Has this ever happened to you?

If so, why do you think that is so? Is it because of the repetition? Because it’s boring? Or could there be something else at play? Something that keeps us in an autopilot mode when it comes to prayer and when it comes to following, truly following, our Savior? I have a theory about this. Two theories actually.

Jesus’ words about prayer are very encouraging: “… ask and you will receive; seek and you will find; knock and the door will be opened to you.” That statement is direct and clear. It motivates me out of autopilot mode and makes me want to ask for what I want. My first theory about why we sometimes just go through the motions is that we sometimes ask and then don’t receive. Or it certainly seems that way. And that can be a de-motivator. Of course, we know what we want… but God knows what we need.
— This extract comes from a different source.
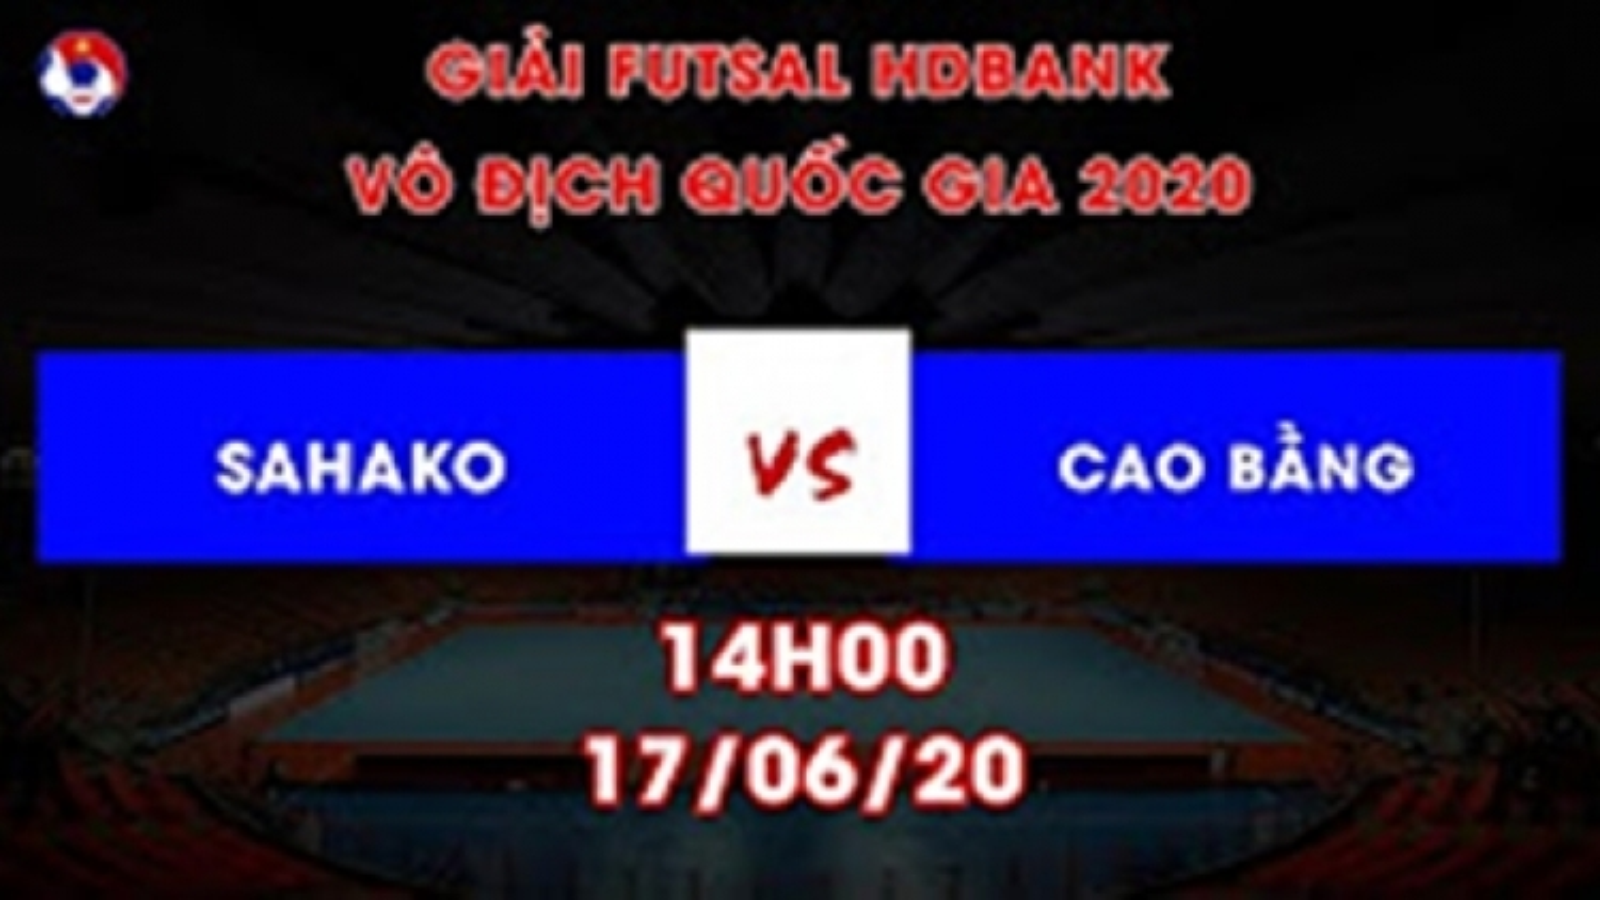 Xem trực tiếp Sahako vs Cao Bằng Giải Futsal HDBank VĐQG 2020
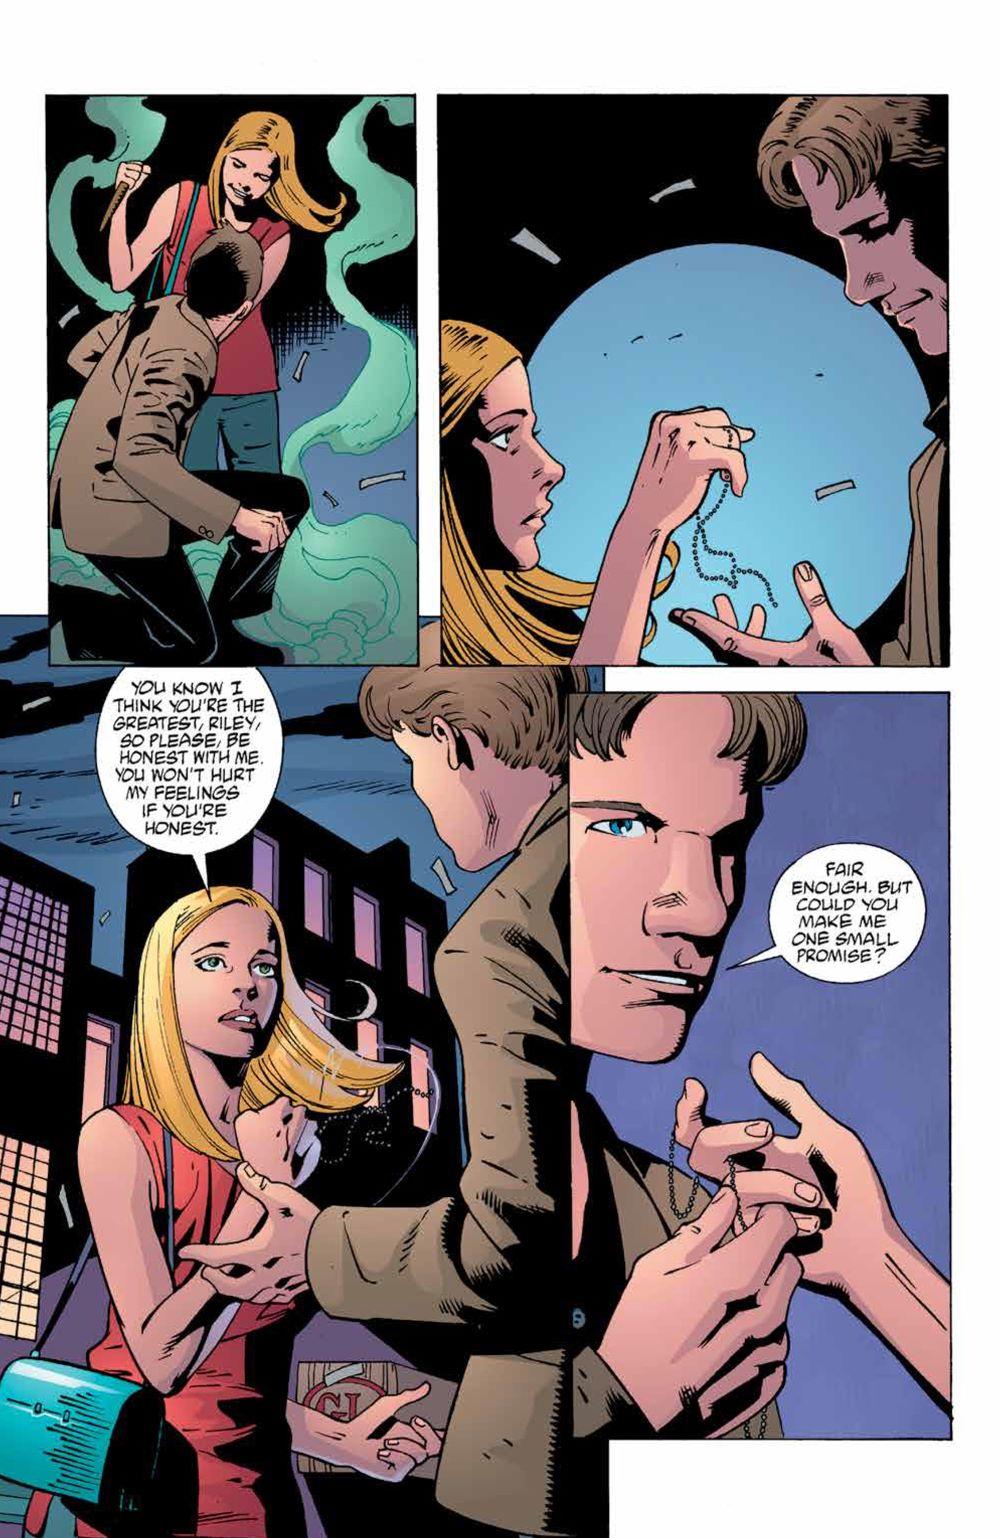 Buffy_Legacy_v4_SC_PRESS_15 ComicList Previews: BUFFY THE VAMPIRE SLAYER LEGACY EDITION VOLUME 4 SC

The second theory relates to the very nature of prayer itself. It is a communication, two way, and it is personal. It’s the kind of communication you have with someone who you are very close to and who you trust. In this kind of relationship, you are honest and you are vulnerable. The shields go down and the real you emerges. That’s what makes the communication work. If your shields are up, if you are guarded, if you are merely playing a part, and if you are only going through the motions, then it isn’t… real. God knows this. And deep down we know this too.

In the Lord’s Prayer, we ask to have our sins forgiven. But we also say that we will forgive the sins of others. When we pray… and I mean really… really… pray, we have to be honest about whether we actually do this. We ask him to “lead us not into temptation” and when we are on autopilot, we can say those words without thinking about whether or not we are actually succumbing to any temptations. The best definition of sin in my view is “anything that keeps us away from Jesus”. When we pray, when we confront Jesus… we have to confront those obstacles. Honestly. And that’s not always easy. But it is easy to say just the words without thinking about them, without really meaning them.

The next time you pray… and I mean really… really… pray: be honest, be humble, be vulnerable. Take all those things that get in between you and him and acknowledge them, name them, lay them out in front of you and ask him for help with them.

Autopilot is great for getting to Starbucks… but it’s a terrible way to get to heaven.